Cudjoe Lewis – The Last Child of Africa Forced into Slavery in America
In 1860, aboard the illegal slave ship Clotilde, a young African man sat shackled, his terrified eyes staring out at the endless ocean. His name was Kazoola – later called Cudjoe Lewis in America. He did not know then that he would become the last person born in Africa to be brought into slavery in the United States.
Kazoola was born in Togo, near Porto-Novo (present-day Benin). His youth was filled with tribal traditions, songs, dances, and the language of his homeland. But it all ended in a single, fateful moment. Captured and forced to march hundreds of miles, he was taken to the slave port of Ouidah – one of the largest hubs of the transatlantic trade. There, along with over a hundred others, he was crammed into the dark belly of the Clotilde and carried across the Atlantic to Mobile, Alabama.
The cruel irony: the United States had already outlawed the African slave trade for more than 50 years. Yet greed triumphed. Timothy Meaher – the ship’s owner – treated these human lives as nothing more than proof that he could defy the law.
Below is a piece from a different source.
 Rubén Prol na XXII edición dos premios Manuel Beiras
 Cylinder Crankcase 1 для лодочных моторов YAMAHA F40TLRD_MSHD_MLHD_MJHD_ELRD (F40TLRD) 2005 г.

Upon arrival, Kazoola and 31 others were handed to Meaher. They were not legally enslaved, yet not free – trapped in a twilight state where they were controlled but abandoned to survive on their own. They built makeshift shelters, hunted for food, and clung to one another for survival.
In 1865, with the Civil War’s end and slavery abolished, Kazoola and his people were finally declared free. But freedom came with heartbreak: their pleas to be sent back to Africa were ignored.
So, from nothing, they created Africatown – a community of displaced Africans just outside Mobile. There, they preserved their language, customs, and memories of home. And Cudjoe Lewis, with his resilience and memory, became their guiding spirit.
He met with leaders like Booker T. Washington and recounted his life to Zora Neale Hurston – the celebrated Black writer. Hurston even captured him in a short film, the only known moving images of an African survivor of the transatlantic slave trade.
Cudjoe Lewis lived until 1935, reaching the age of 94. He died in Africatown – the home he and his people built from the ashes of slavery. In his final testimony, he carried a lingering sorrow:
“We wanted to go home, but no one would take us. So we made a home here instead.”
Cudjoe’s story is not just a personal tragedy – it is a mirror of America’s history: where chains left scars, but where resilience and memory turned suffering into legacy.